Table 2. Treatment Options for Stage I Seminoma.
Morning Report Questions
Q: How are the nonseminiferous germ-cell tumors managed?
A: Most patients with a nonseminomatous germ-cell tumor present with clinical stage I disease. Treatment options after orchiectomy include active surveillance, nerve-sparing retroperitoneal lymph-node dissection, and adjuvant BEP for one or two cycles; each of these options is associated with 99% long-term cure rates. Patients are characterized as high risk (relapse rates of 50% with surveillance) or low-risk (relapse rates of 15% with surveillance) according to the presence or absence of lymphovascular invasion. Patients with a low-volume stage II nonseminomatous germ-cell tumor (disease confined to the retroperitoneal lymph nodes, with the lymph nodes <3 cm in diameter) and normal beta-hCG [beta human chorionic gonadotropin] and AFP [alpha-fetoprotein] levels after orchiectomy are generally treated with retroperitoneal lymph-node dissection, although care must be individualized. Patients with higher-volume stage II disease or increasing levels of markers should receive chemotherapy (BEP for three cycles or etoposide and cisplatin for four cycles). Cures are achieved in 95 to 99% of patients.

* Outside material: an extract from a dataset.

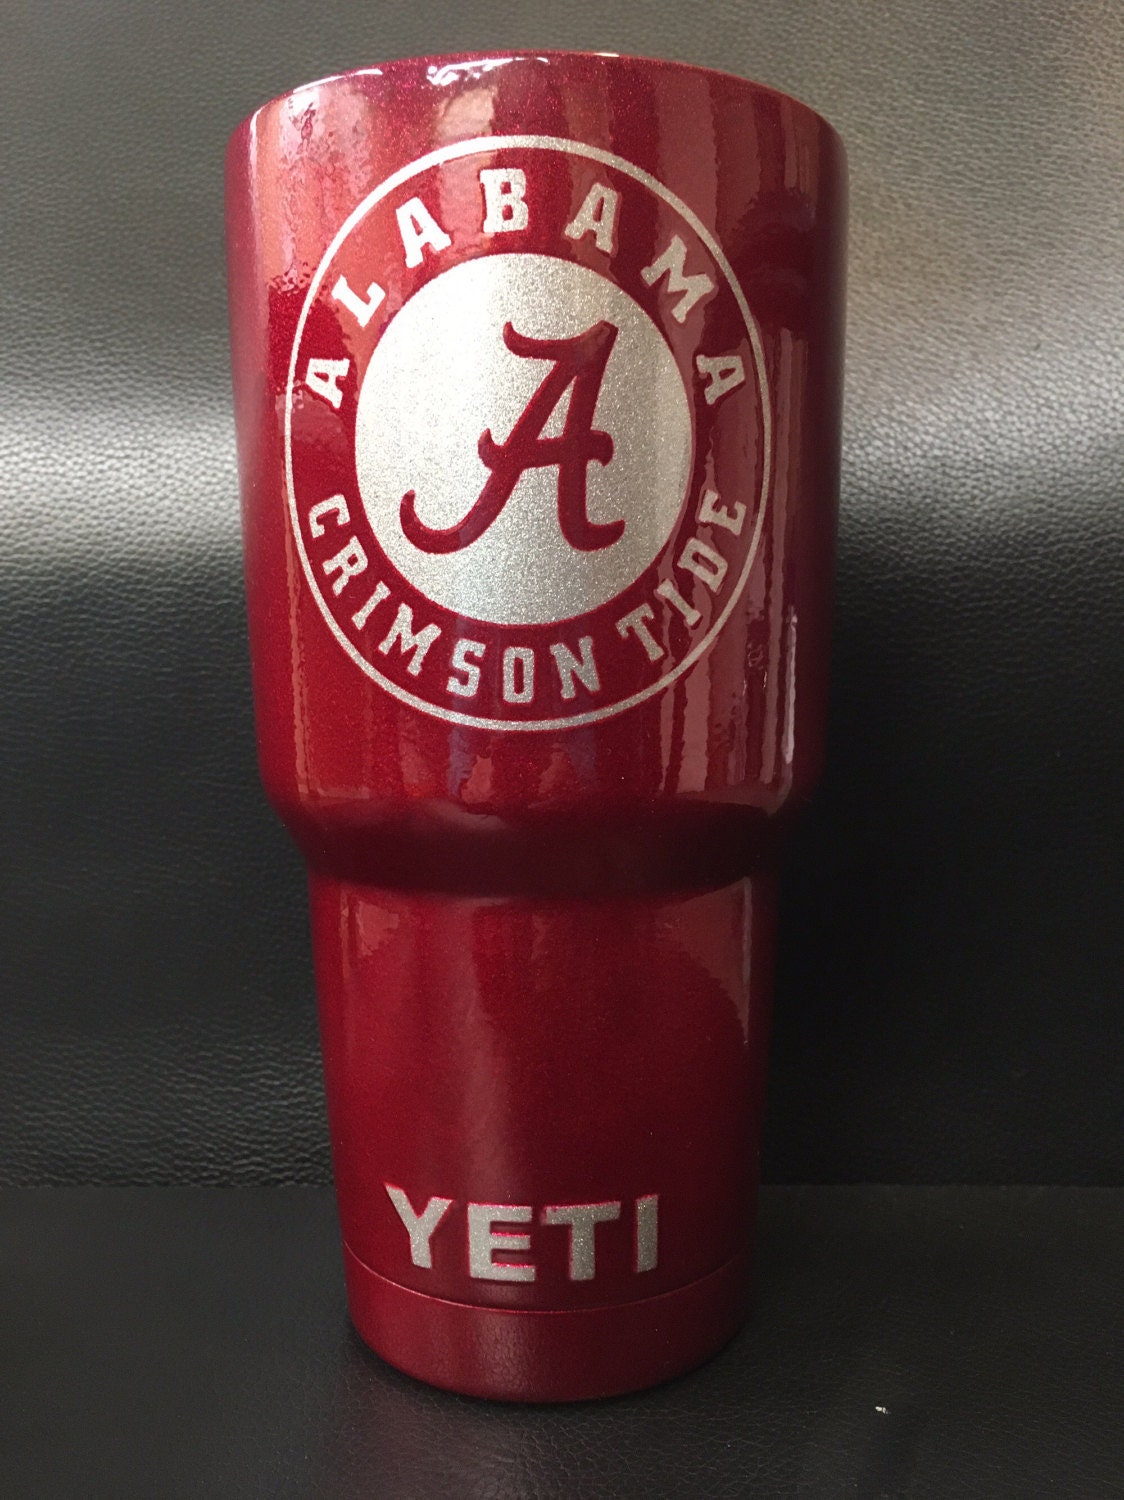 Alabama Yeti Cup 
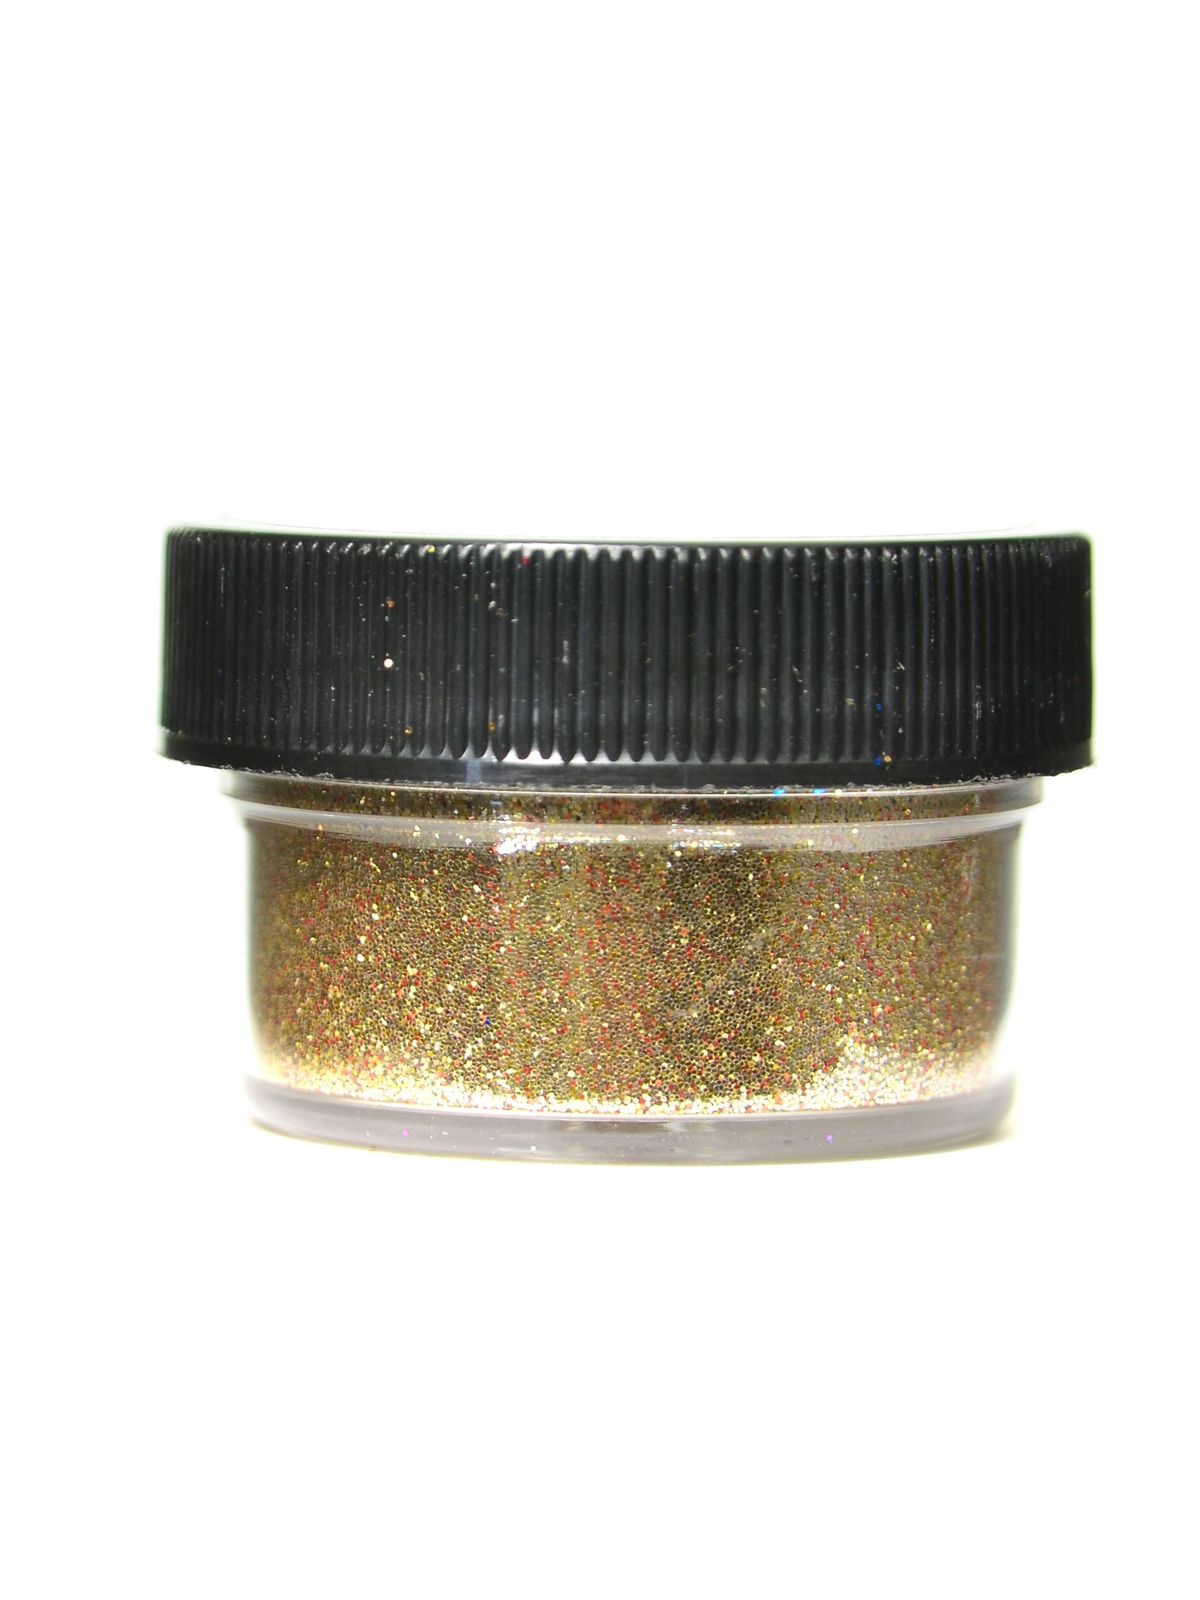 Ultrafine Opaque Glitter Antique Gold 1 2 Oz. Jar

Table 3. Treatment Options after Orchiectomy for Stage I Nonseminomatous Germ-Cell Tumor.
Q: What are long-term risks of treatment for a patient with testicular cancer?
A: Since most patients will survive after a diagnosis of testicular cancer, clinicians must be vigilant to reduce the long-term risks of therapy and limit unnecessary morbidity and early mortality. Therapeutic radiation has been recognized as a risk factor for secondary cancers. However, studies also implicate chemotherapy in the risk of cancers of the kidney, thyroid, soft tissue, bladder, stomach, and pancreas, as well as in the risk of lymphoma and leukemia. Survivors of testicular cancer are also at risk for later relapse of disease (defined as relapse >2 years after remission), as well as for the metabolic syndrome; cardiovascular disease; infertility; neurotoxic, nephrotoxic, and pulmonary toxic effects; Raynaud’s phenomenon; psychosocial disorders; and hypogonadism, which may confer a predisposition to sexual dysfunction, fatigue, depression, and osteoporosis. Retrograde ejaculation may develop postoperatively in men who have undergone retroperitoneal lymph-node dissection. The most comprehensive study to date is under way to understand the genetic susceptibility to the long-term toxic effects of platinum-based chemotherapy in survivors of testicular cancer.